He's thinking, "You're crazy if you think I'm gonna touch that thing!"


















As always we had a teaching moment...what do chickens eat?  I feel children learn best through experience. Thank goodness we weren't learning what alligators eat.  I don't think they'd go for eating raw zebra.

Long Time, No Peep

It's been a VERY long time since I have updated this thing.  I've promised for some time that I would do it and just didn't get around to it.  Now that I'm ready to type, I have forgotten much of what has happened.  Here's a quick synopsis of everything that comes to mind...

  • Doc (formerly known as Kate) pecked Brian's toes REALLY good and he yelled a few obscenities.  Thankfully, mom was inside.
  • We tried to combine the chickens, but Doc kept picking on Jessie.  They were fine when someone was looking, but once we went inside the fight was on!  I kept going outside and finding their water bottles on their side.  It was because Jessie was trying to get away from Doc who kept attacking her.
  • I'm almost certain Ms. Jessie is a Mister.  Monday she charged Doc and the feathers on her neck were standing straight out.  It looked like something from the movie Jurassic Park...remember the alien that would be sweet and then all of the sudden its face would explode as it would attack?  That's my chicken!
  • So far NO EGG.  It will be a GLORIOUS day when Jane finally lays an egg.  I can't wait!!!  It will be better than Christmas (especially since we don't do the gift thing anyway).
  • It's cooled off enough to where we don't have to put out frozen water bottles for the chicks.  It had gotten so hot we were putting them out a couple times a day.  Everyone says chickens are dumb, but they knew to sit next to the ice.  I'd say that's pretty smart.
  • I'm getting the itch for some more chickens.  I just need to figure out what to do with the TWO roosters I have.  There are talks about sending Doc to live with my brother and sister-in-law in New Mexico.  How silly is that??  My poor mother is yet again being roped into doing something crazy...I come up with an idea and my poor mother executes it...quite well, I might add.  She's going to drive him there (NM) when she goes to visit this December.
  • Doc's cOcKa-DoOdLe-DoOs aren't too terribly loud and I have yet to get a noise complaint by the city.  Keep your fingers crossed.
  • Miss Jessie hasn't crowed yet, but that's not to say she won't start.
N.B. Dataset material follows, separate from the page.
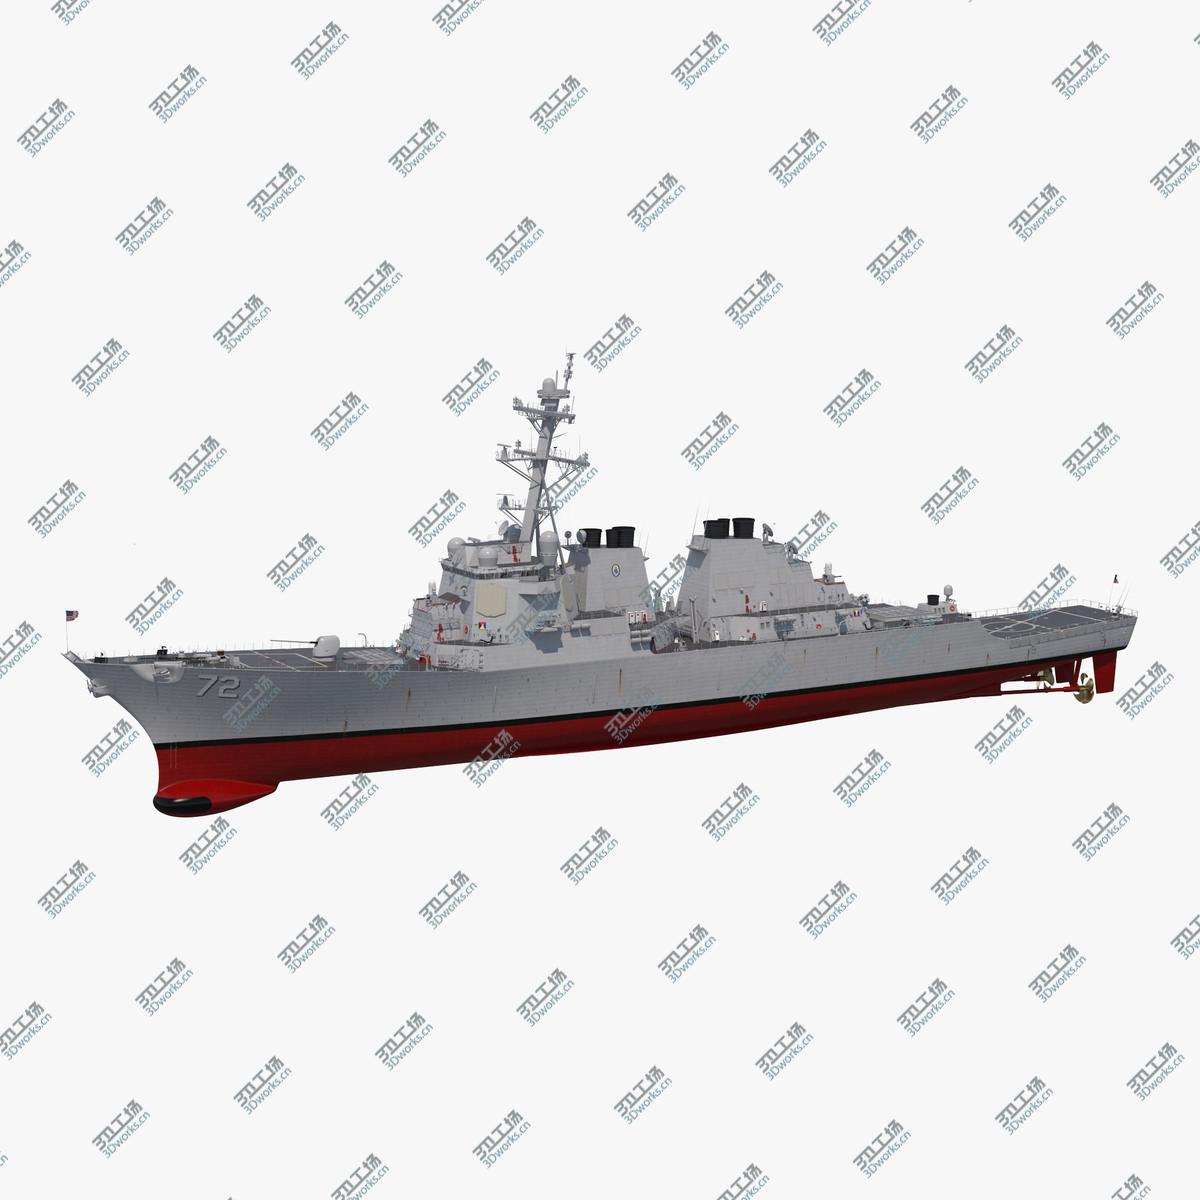 images/goods_img/2021040234/Arleigh Burke Destroyer Mahan DDG-72 3D model/1.jpg

When I say "she" it's just wishful thinking.
  • Miss Jessie is HUGE!  She caught up with the others and surpassed them!  Go big or go home.
  • Oakcliff is having a coop snoop in October.  I'm pretty eggcited about seeing how others have set up their yards.  I have a very nice coop...just don't know how to situate it in my yard.
I know there's more than this, but I can't think...too much pressure! :)
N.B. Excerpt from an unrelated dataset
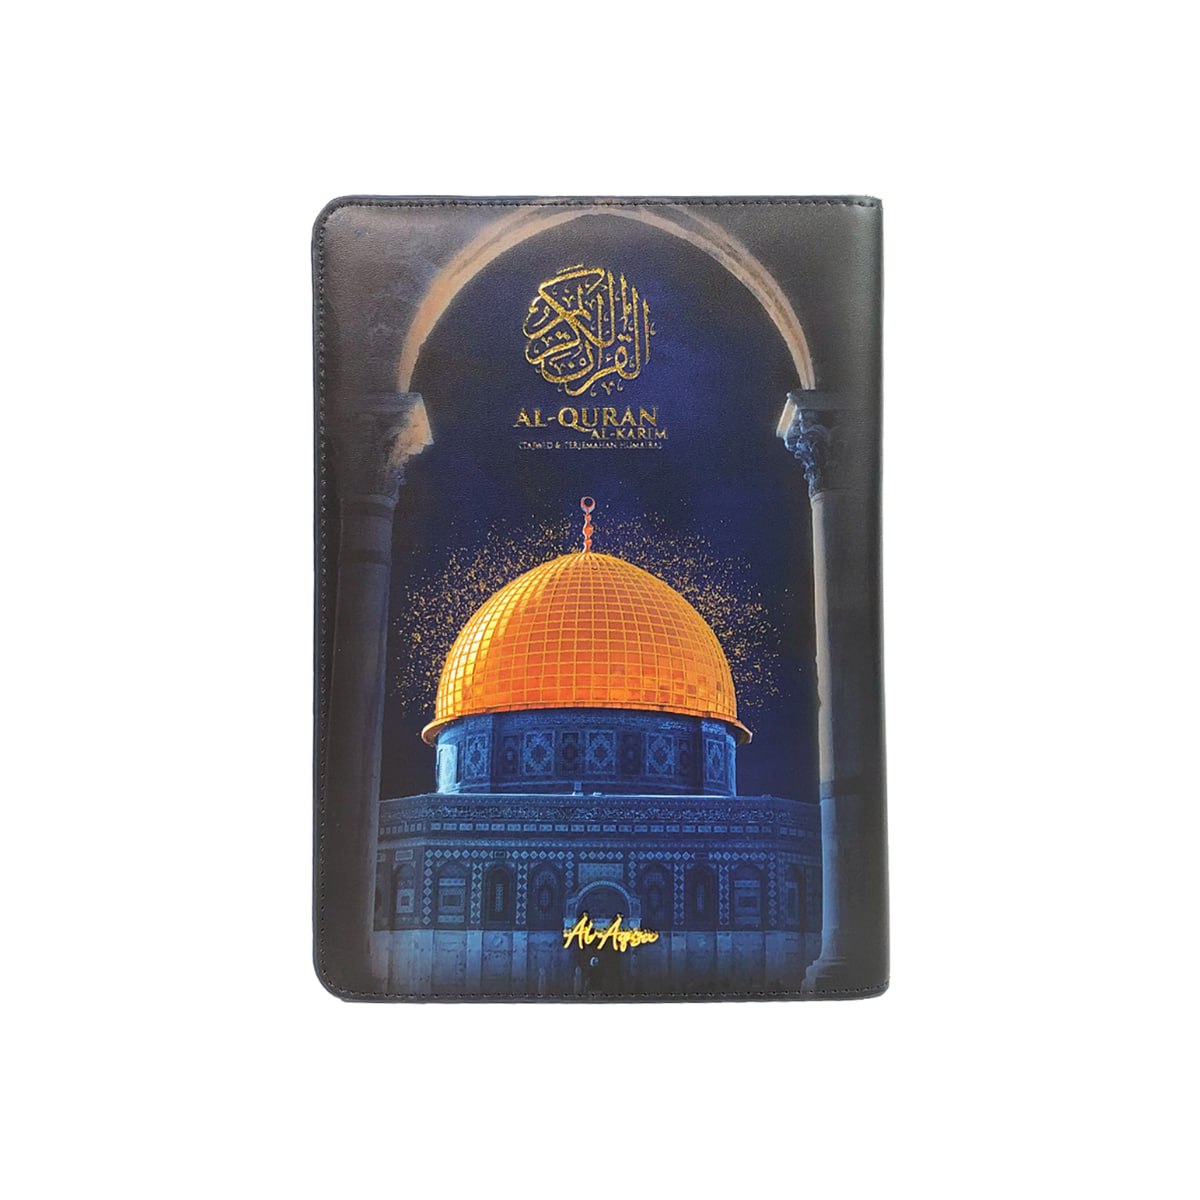 Al-Quran Al-Aqsa (With 199 Taggings)

Please know that the rest of the blogs I do tonight are probably out of order.  I'm just going by the pictures in my phone.  Thank goodness I'm "one of those people" that take pictures of every move the chicks make, otherwise we would have no more updates. (You can thank me later. hehe)

Get ready to be caught up!  I apologize to those who will get an email every time I update. :)

    Thursday, August 11, 2011

    New Chapter for an Old Chicken

    Now that Kate's out of the closet we have some decisions to make.

    First, what do we call "shim?"  Mom and Brian settled on Doc...as in Doc Holliday.  I like the name, but out of habit I keep calling our poor rooster Kate.  This quite possibly has caused some anger.

    Kate/Doc attacks poor Miss Jessie when we let them out.  If we don't break up the fight quick enough then Kate/Doc comes up with a mouth full of feathers.  Poor Jessie just screams.  However, when the partition is between them Miss Jessie struts her stuff and acts like the big man on campus.  She's thick, but she can't fight very well.

    Second, my goal in having chickens did not include owning a rooster.  If you remember, their jobs were going to be to eat bugs, compost and lay eggs.  Do I get rid of Kate/Doc because she/he can not fulfill one of her/his duties?  Suppose my parents didn't pray every night for a baby girl (which they did.  my brothers did too.  I'm an answer to a prayer.  hehe) and they wanted a little boy.  Once they realized I was female would it have been appropriate for them to get rid of me or have me for dinner?  Probably not since we live in America.

    I have joined Dallas Backyard Poultry Meetup Group.  They are hard core chicken handlers and they've basically all said I may have to give him to someone to eat.  The office has said to keep him umtil I get a noise complaint.  What to do?  What to do?  Knowing me I will ignore the problem until I MUST do something.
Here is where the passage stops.